SEC Approves Looser Auditor Independence Rules
- * Amend the definitions of “affiliate of the audit client,” in Rule 2-01(f)(4), and “investment company complex,” in Rule 2-01(f)(14), to address certain affiliate relationships, including entities under common control;
- * Amend the definition of “audit and professional engagement period,” specifically Rule 2-01(f)(5)(iii), to shorten the look-back period, for domestic first time filers in assessing compliance with the independence requirements;
- * Amend Rule 2-01(c)(1)(ii)(A)(1) and (E) to add certain student loans and de minimis consumer loans to the categorical exclusions from independence-impairing lending relationships;
- * Amend Rule 2-01(c)(3) to replace the reference to “substantial stockholders” in the business relationships rule with the concept of beneficial owners with significant influence;
- * Replace the outdated transition provision in Rule 2-01(e) with a new Rule 2-01(e) to introduce a transition framework to address inadvertent independence violations that only arise as a result of a merger or acquisition transactions; and
- * Make certain other miscellaneous updates.

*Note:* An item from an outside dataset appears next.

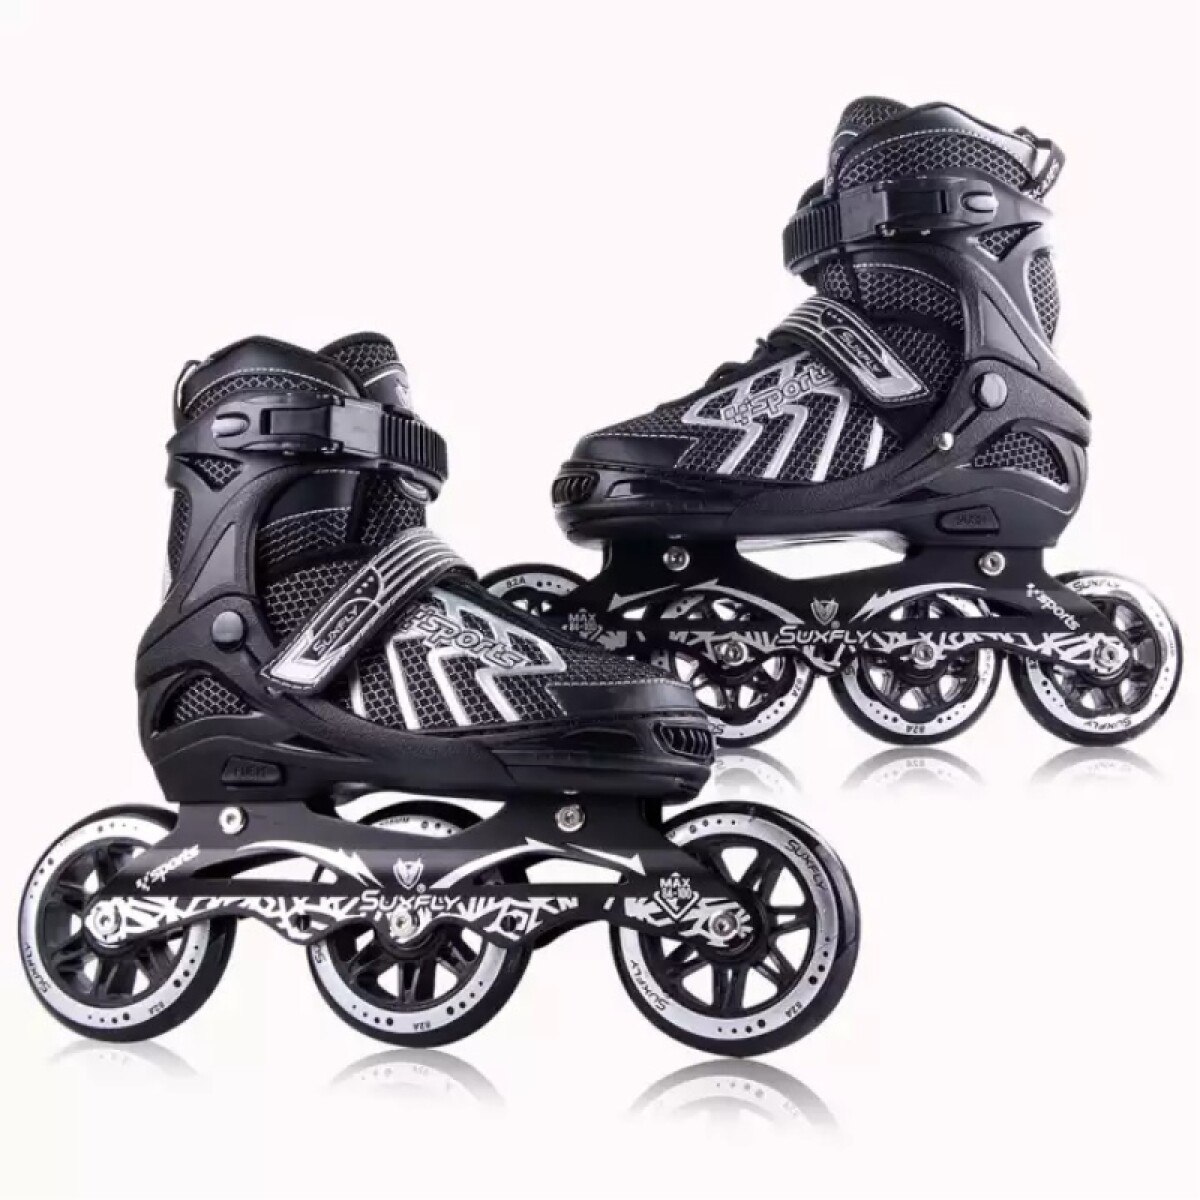 Roller Patines 3 Ruedas Lineal Suxfly Regulable Negro - Talle L (39 Al 42)

“Today’s amendments reflect the Commission’s long-recognized view that an audit by an objective, impartial, and skilled professional contributes to both investor protection and investor confidence,” said Chairman Jay Clayton. “These modernized auditor independence requirements will increase investor protection by focusing audit clients, audit committees, and auditors on areas that may threaten an auditor’s objectivity and impartiality. They also will improve competition and audit quality by increasing the number of qualified audit firms from which an issuer can choose.”